5.2 Depuis les extraits riches en terres rares

Dans la mesure où l’extraction des terres rares depuis la biomasse sèche de D. linearis

s’est montrée efficace en présence d’extractants dissous en solution (acides forts et EDTA) ou fixés sur une résine, les deux pistes de récupération par précipitation sélective et adsorption ont été explorées.

Par précipitation sélective

La présence de matière organique dissoute ne permet pas de précipiter les terres rares sous forme d’hydroxydes, la stratégie employée a été de les précipiter sous forme d’oxalate (quelle que soit la solution d’extraction), puis de les brûler pour obtenir des oxydes. La problématique est de savoir si cette opération classique de l’hydrométallurgie des terres rares est applicable dans le cas de solutions très chargées en matière organique.

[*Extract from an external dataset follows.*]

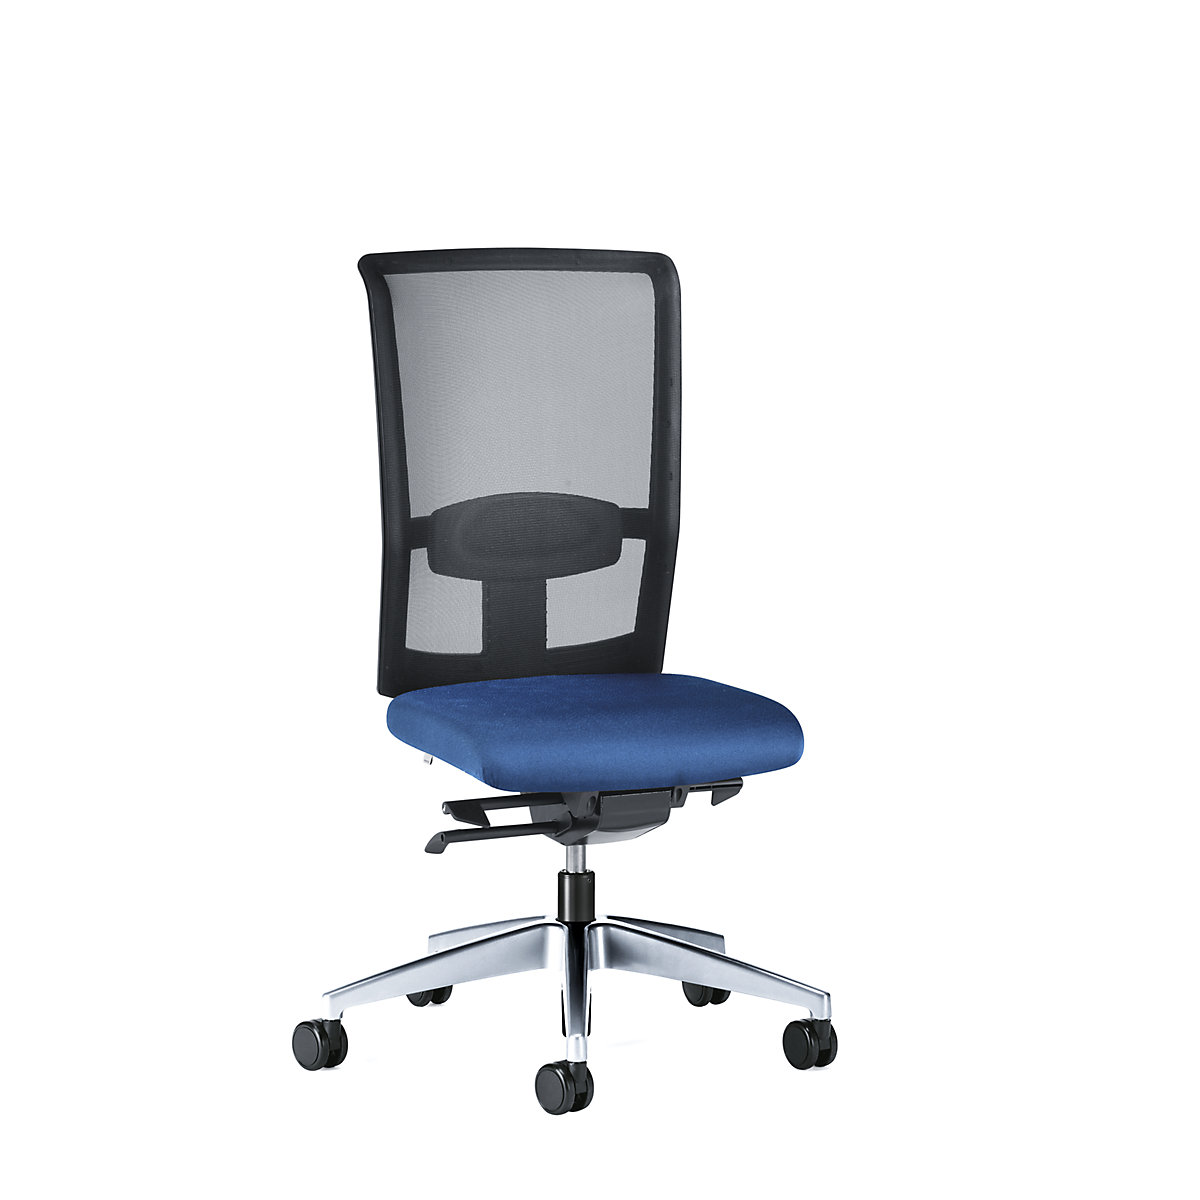 GOAL AIR office swivel chair, back rest height 545 mm – interstuhl, polished frame, with hard castors, gentian blue, seat depth 410 mm-2

Cas de l’extraction à l’EDTA

Dans le cas de l’extraction à l’EDTA, des simulations d’équilibre en solution, avec le lanthane comme référence, ont permis de trouver des conditions optimales de précipitation dans ce milieu contenant deux complexants polyacides (acide oxalique et EDTA). Dans un premier temps, le problème a été simplifié en ne tenant pas compte de la matière organique apportée par la plante et les simulations ont été vérifiées par l’expérience (Figure 38 ). On voir alors qu’entre pH 1,2 et 2,3, les terres rares sont exclusivement sous forme oxalate malgré la présence d’une forte quantité d’EDTA. Les proportions optimales d’acide oxalique à ajouter ont pu ainsi être quantifiées.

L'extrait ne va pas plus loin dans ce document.